Figure 13 shows the dependence of the effective dimensionality of the confined Lennard-Jones fluid as a function of the separation between the confining walls (H) and the wall size (Lx=Ly). As expected, for narrow pores, the system displays two-dimensional (2D) behavior for all system sizes and for larger wall separations the behavior is always three-dimensional (3D). The crossover between the two limits can be marked by a “transition line”, as indicated in the figure. To their knowledge, this is the first example of a complete mapping of the evolution of the dimensionality of a first-order transition in a confined system as a function of both degree of confinement and system size. A similar behavior is also observed in the case of vapor-liquid transition in ST2 water, suggesting the generality of these results. These calculations provide a basis for the engineering design of systems involving phase transitions in nanoscopic geometries, such as are relevant for CO2 hydrate formation in clays and fine-grained silts.
Figure 14 shows the difference in the critical temperature at infinite system size, Tc∞(H) ,for a given pore width (H) relative to that in bulk, Tcbulk, as a function of the pore width. The shift in critical temperature, Tc∞(H)−Tcbulk , varies linearly with 1/H at large pore widths. This linear relationship breaks down around H=2, corresponding to two fluid layers between the walls, and no significant change in Tc∞(H)−Tcbulk is observed for smaller pores. Similar behavior is observed for both two- and three- dimensional criticality as well as for ST2 water.

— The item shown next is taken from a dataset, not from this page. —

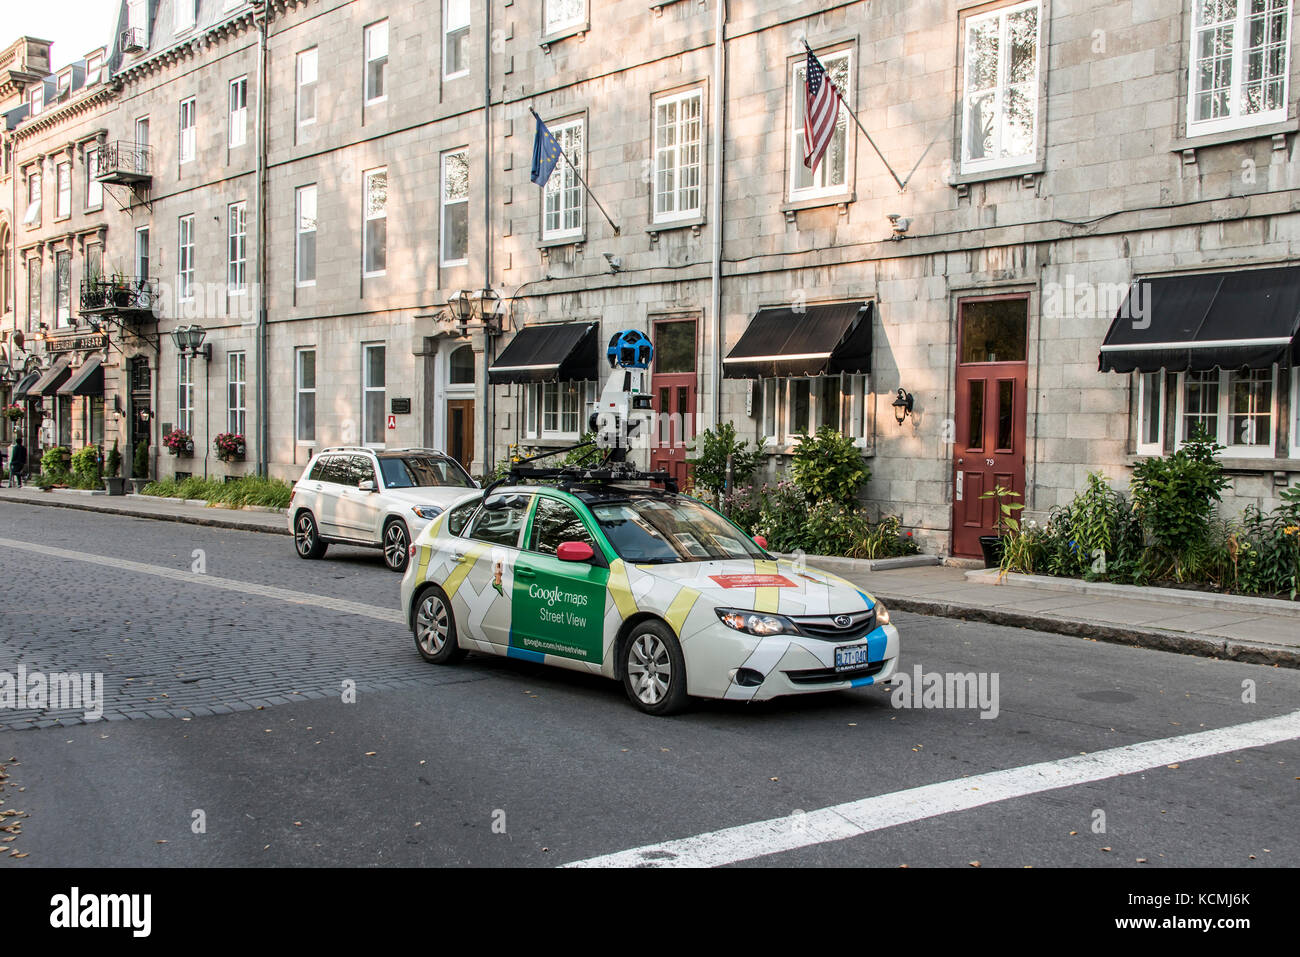 La ciudad de Quebec Canada - 11.09.2017 Google Street View vehículo automóvil apping calles por todo el centro de la ciudad de Quebec Foto de stock

This study is a significant step in the direction of providing fundamental understanding of phase transitions in nanoscale confinement for the simple LJ fluid, as well as in more complex fluids, like water. The similarity in the critical behavior of Lennard-Jones fluid and water, as well as their consistency with previous studies on the square-well fluid, suggest a broad generality of these findings. A similar approach applied to the study of phase transitions relevant to carbon capture and storage (e.g., CO2 hydrate formation in nanoscopic geometries such as pores, fine-grained silts and clays, CO2-water phase behavior in confinement; see Future Work) will yield knowledge on how the region of phase stability (e.g. temperature, pressure) will shift as a result of nanoscale confinement.